Her eyes hold mine before I release her stare in favor of getting a close up look at her body.

She's wearing a pair of leggings under a floral dress and a leather jacket. I can't deny that she looks hot, she's Letty Hunter, she always looks fucking hot. But it's unmistakable that she's damn near half the woman she used to be.

My fists clench as I consider the possibility of someone hurting her at Columbia and that being the reason she's here.

Did some motherfucker ruin her dream of graduating from the college she spent her whole life dreaming about?

"Kane," she barks, getting exasperated, but still, I don't move. "Fine, whatever."

She spins and is about to make her way down the row of now empty seats at her back when I reach for her arm.

I stand as she fights to slip her wrist from my grip but I hold tighter.

"Ow, that hurts," she complains.

I pull her back and she stumbles, falling into my body.

Every single one of my muscles tenses at her touch and the blood racing through my veins turns to lava.

"You think I care, Princess?"

"Let go of me," she demands, her voice low and husky as she once again attempts to pull herself free.

"Why are you here?"

Her eyes lift from my chest until her dark ones collide with my blue angry ones.

"Why are you here? Last I heard you failed to graduate."

A laugh falls from my lips as I lower my head down a little to her. To anyone around us, it might look intimate, like I want to kiss her. The reality is very different.

"Princess," I growl and her lips twist in anger. She hates that nickname, always has. It's the exact reason I still insist on using it. "There is a lot you don't know about me."

"Letty, is this asshole bothering you?" a familiar voice asks from behind me.

"No, he's not," I answer for her, knowing that the two goons from earlier are burning holes in the back of my head.

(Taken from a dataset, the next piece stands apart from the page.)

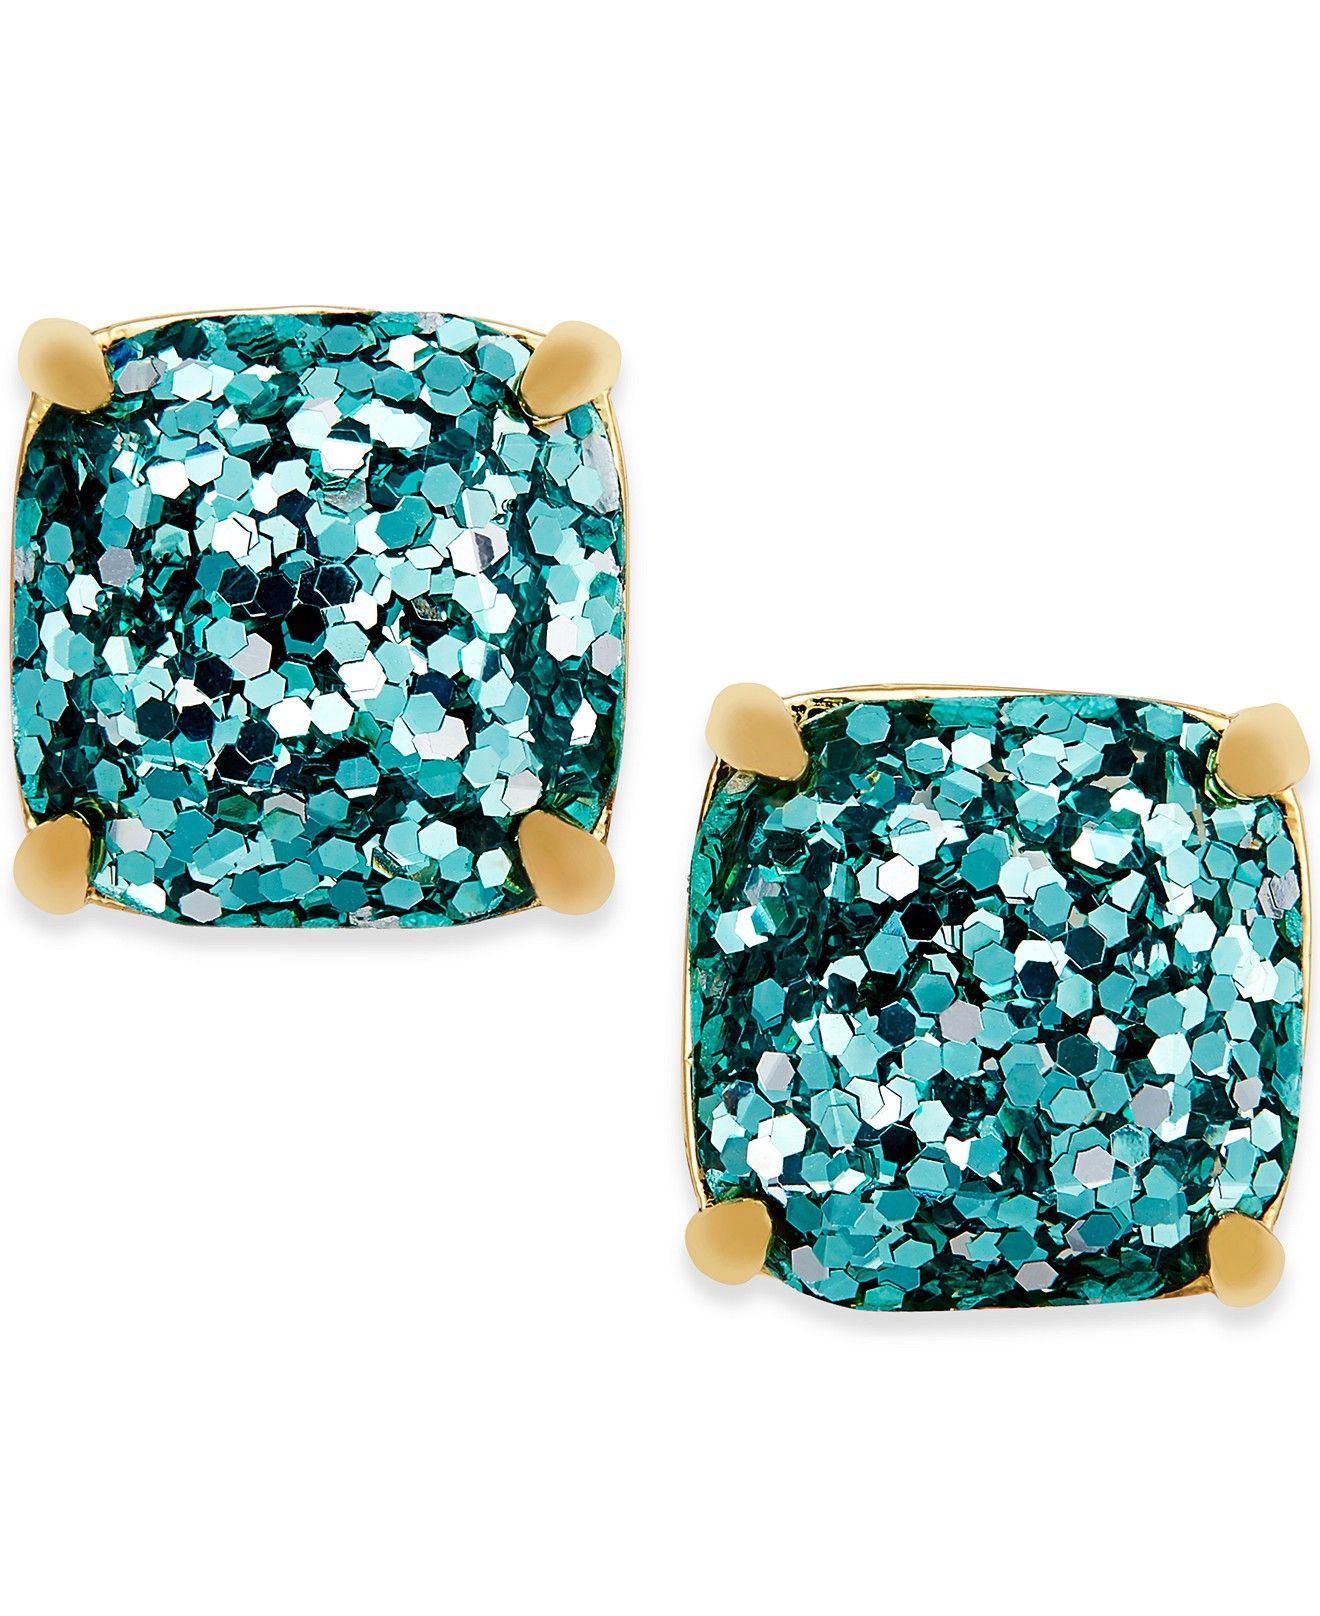 kate spade new york GoldTone Small Square Stud Earrings

"We weren't talking to you, asshole."

"I'm fine. Thank you," Letty says, her eyes not once leaving mine. "I know how to handle this asshole."

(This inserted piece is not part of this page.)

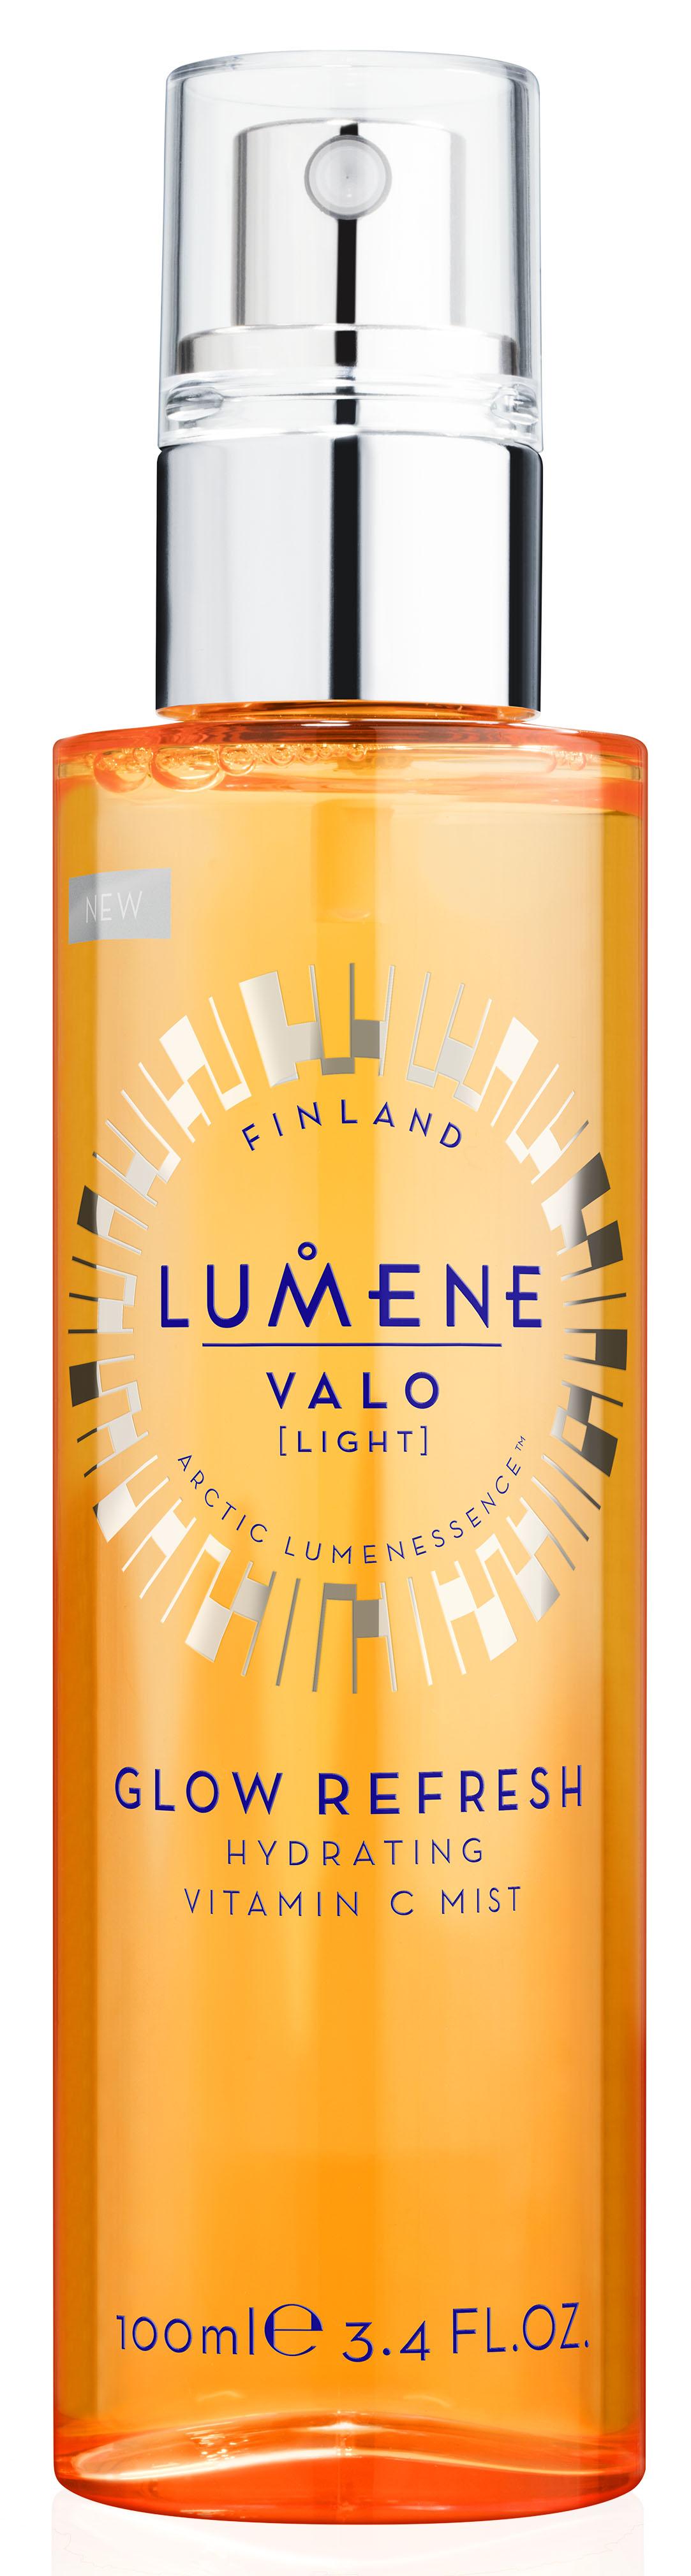 Lumene Valo Увлажняющая освежающая дымка для лица Vitamin C, 100 мл lumene valo дневной крем spf 15 vitamin c 50 мл

My chest grows tight as my anger burns hotter within me.

I lower my face down, regretfully ripping my eyes from her until my lips are right next to her ear.

A shudder rips through her as my breath cascades over her exposed skin, I feel it all the way down her arm.

"That is where you are very, very wrong, Princess."

"Threaten me all you like. You can't break what’s already broken."

With that, she pulls her arm free. My shock from her words allowing her to do it easily and she takes off through the small gap in the chairs.

"You need to watch who you make enemies of around here," one of the guys warns. "Stay away from Letty. Hell, stay away from all of us."

I spin around to respond but the pair of them are already at the bottom of the stairs and making their escape.